PROBLEM TO WORK ON → Would you reproduce the whole listing exactly, dropping any pictures it holds?

DATA BELOW →
* * *

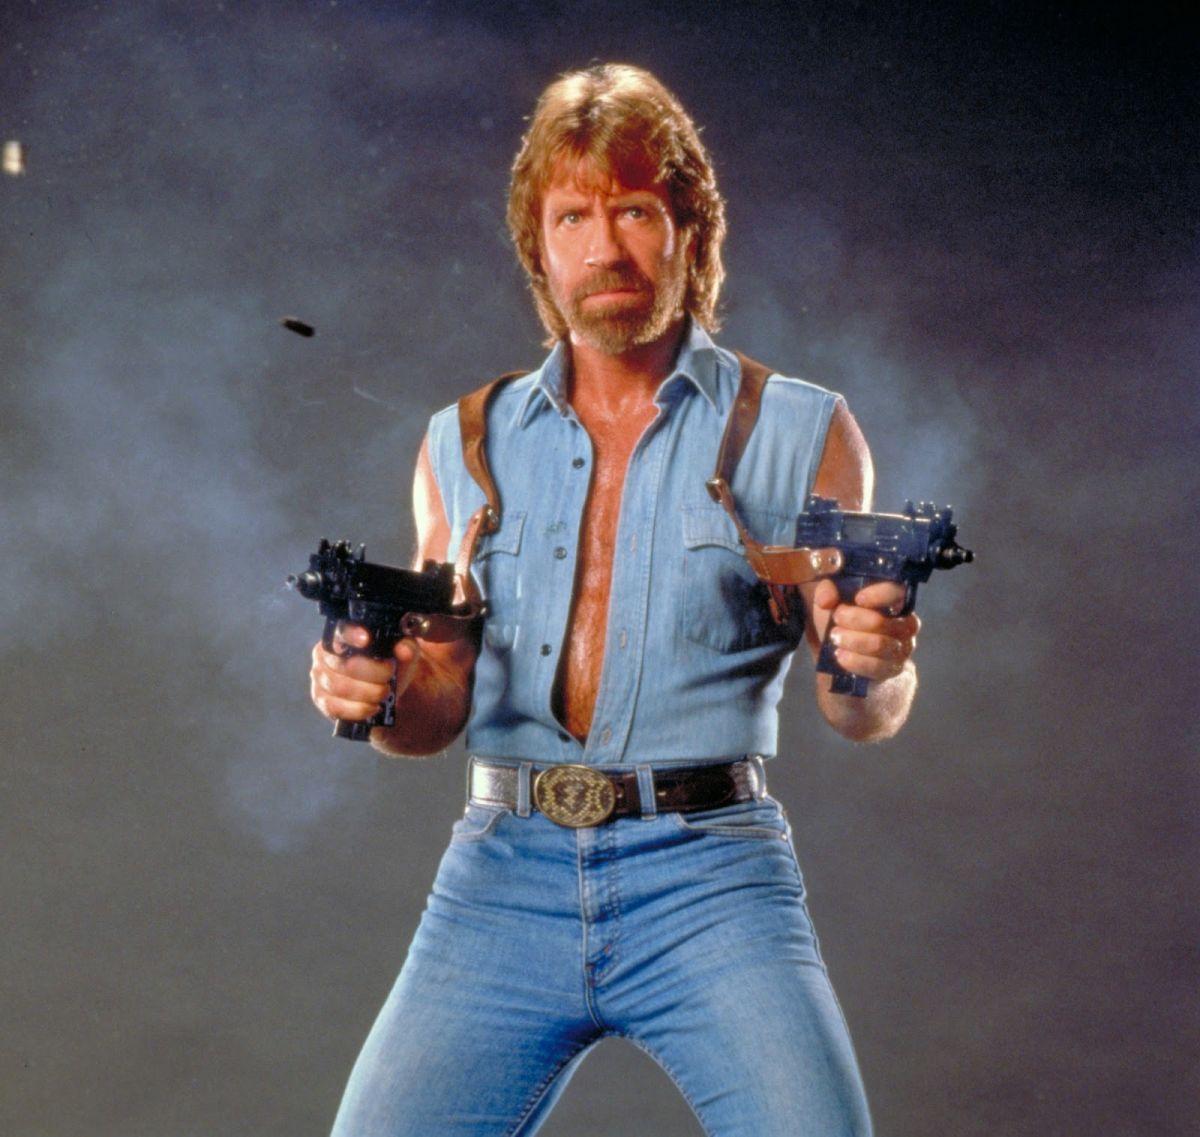 Chuck Norris Guns chuck norris guns meme generator imgflip,Meme Generator Two Images
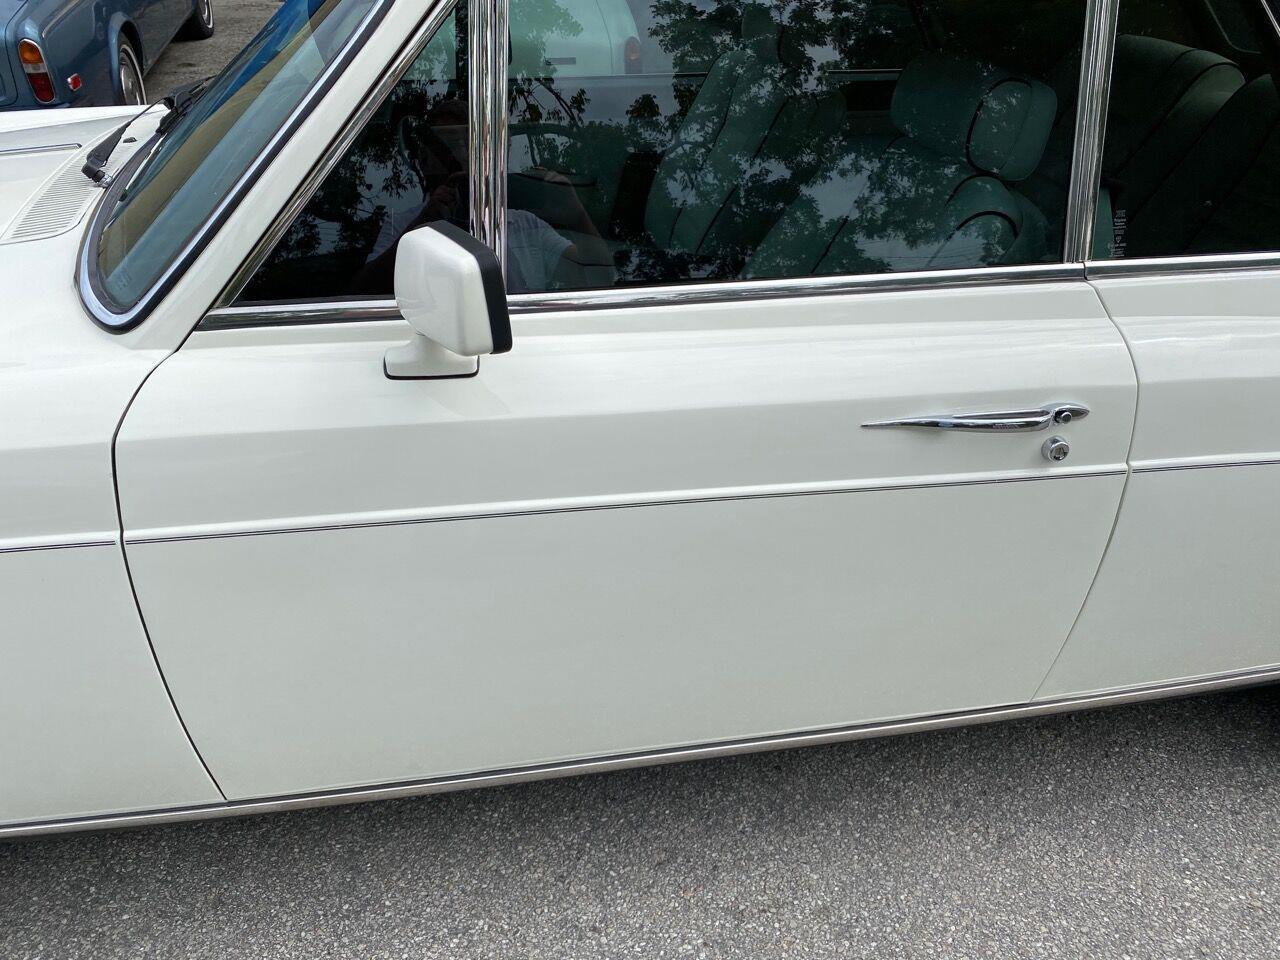 1991 Rolls-Royce Corniche (CC-1353007) for sale in Fort Lauderdale, Florida
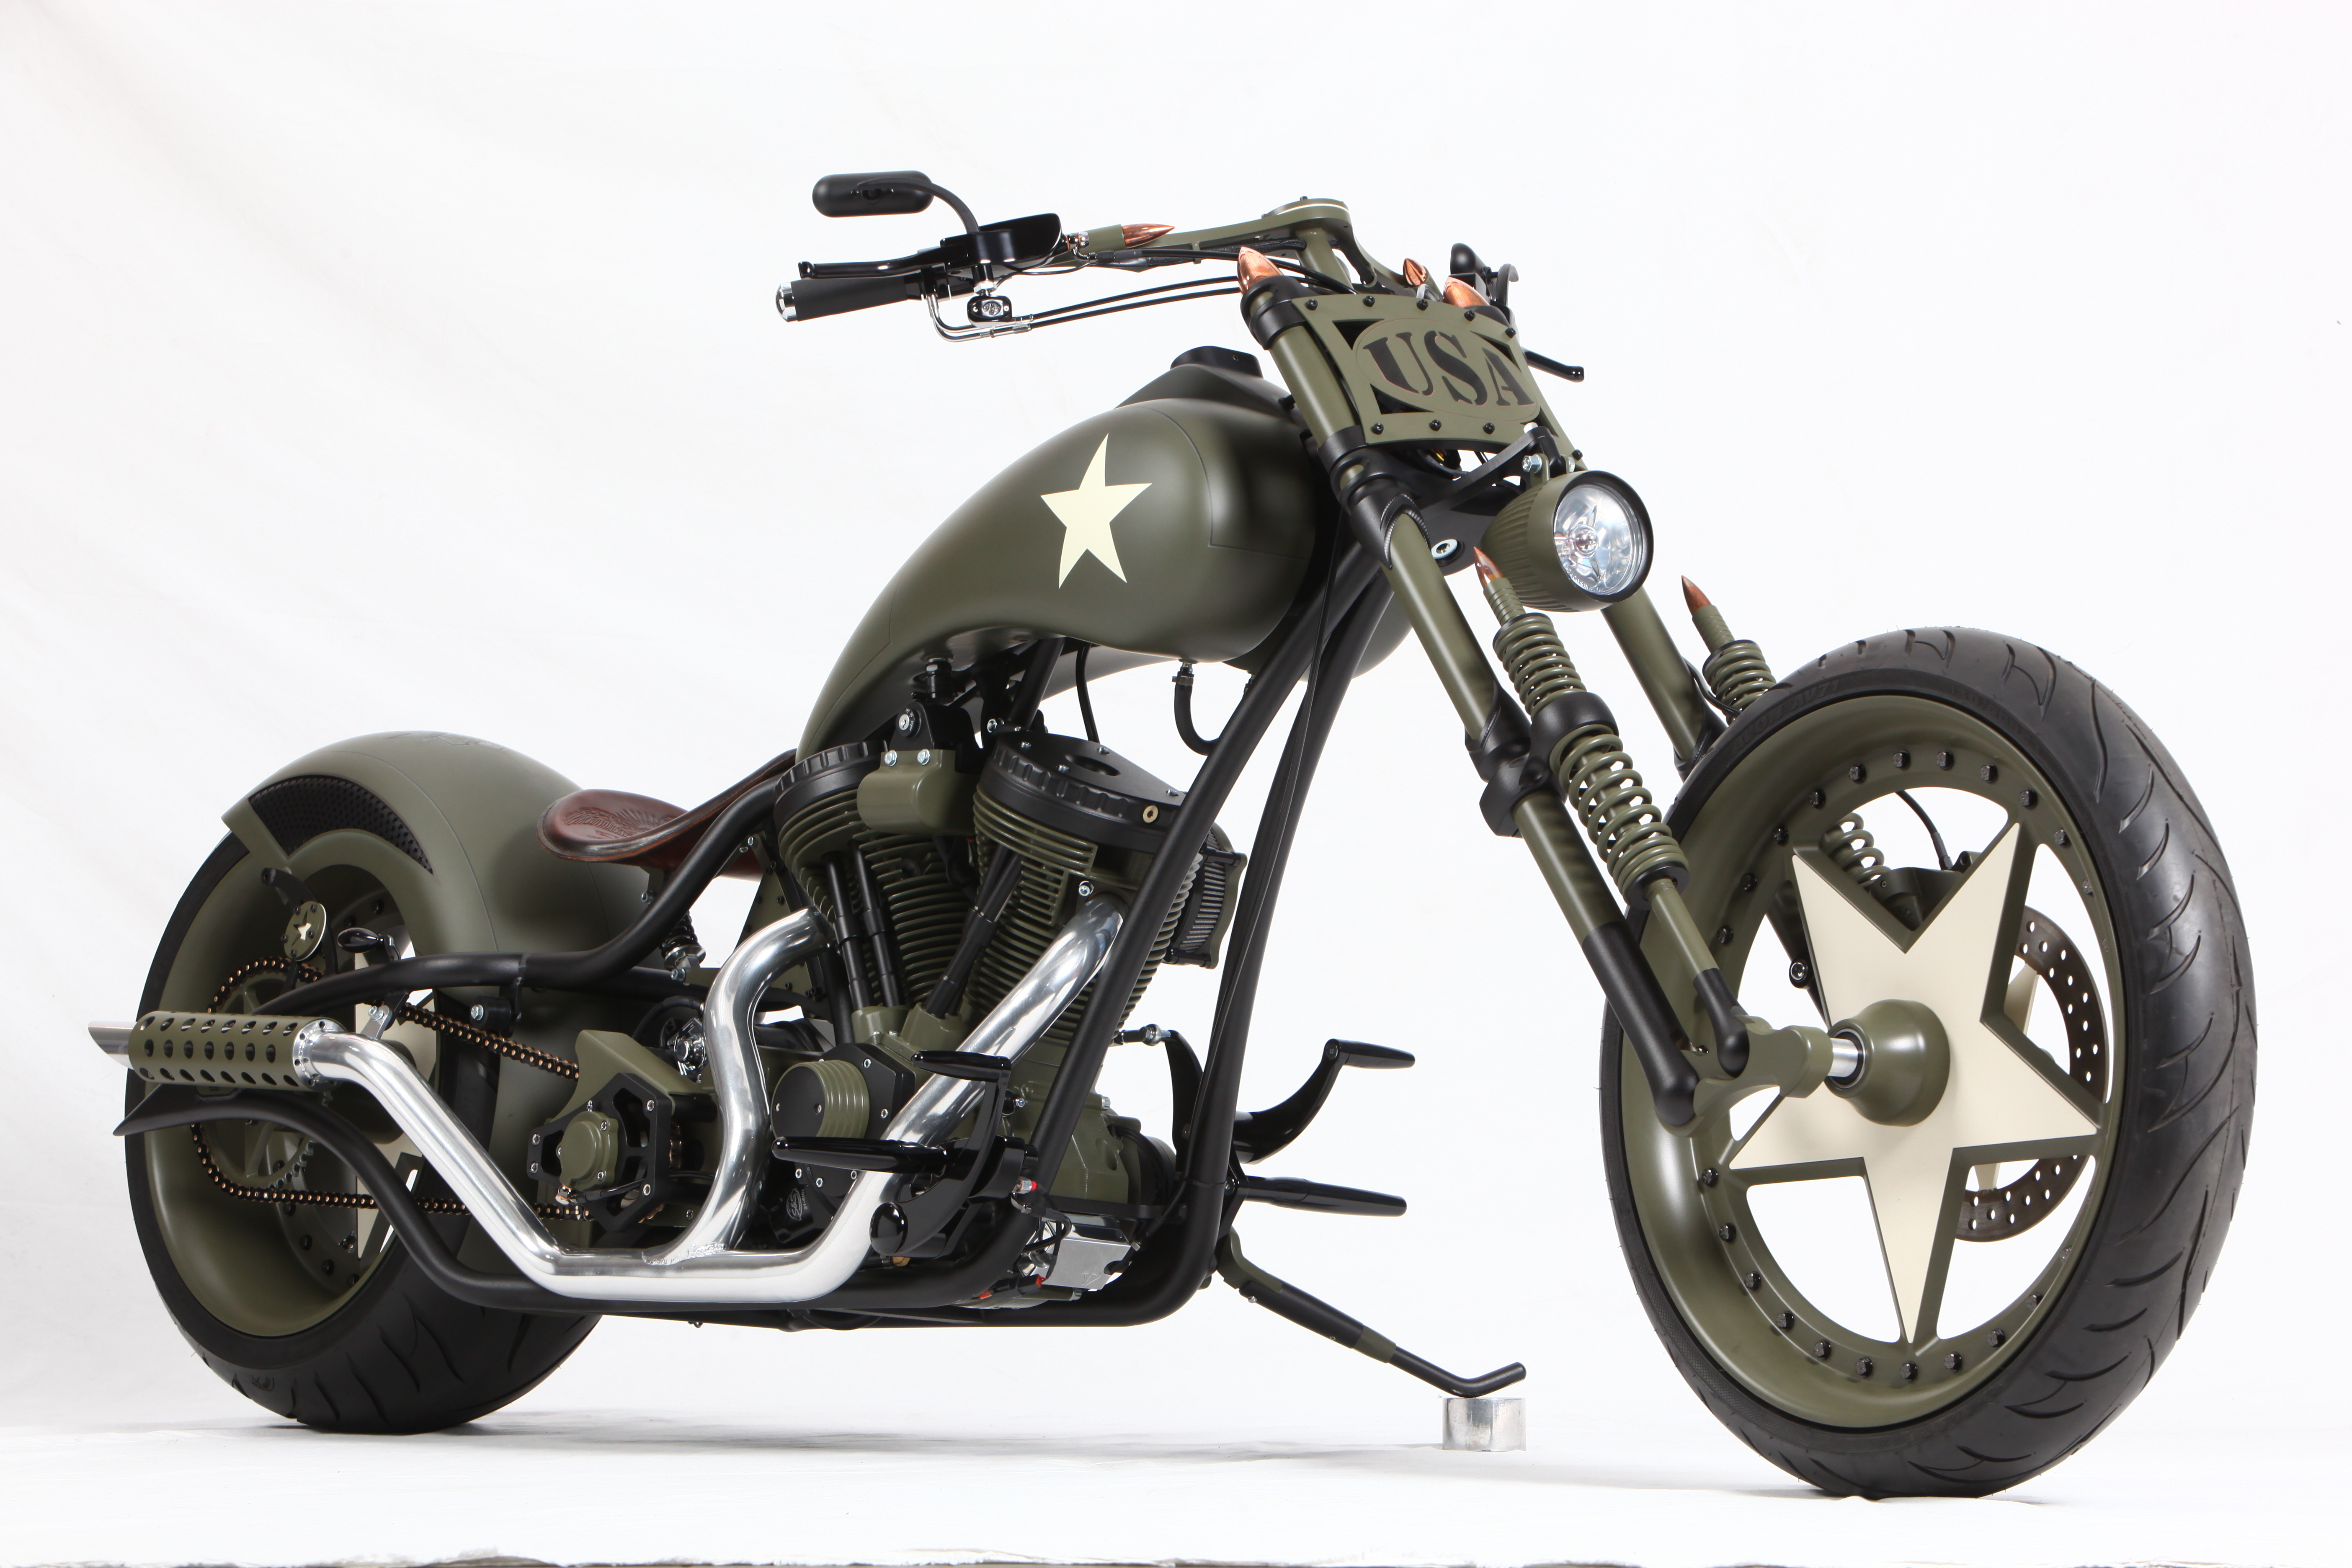 CUSTOM CHOPPER motorbike tuning bike hot rod rods military 5616x3744

* * *

SOLUTION TO THIS PROBLEM →
 Chuck Norris Guns chuck norris guns meme generator imgflip,Meme Generator Two Images
 1991 Rolls-Royce Corniche (CC-1353007) for sale in Fort Lauderdale, Florida
 CUSTOM CHOPPER motorbike tuning bike hot rod rods military 5616x3744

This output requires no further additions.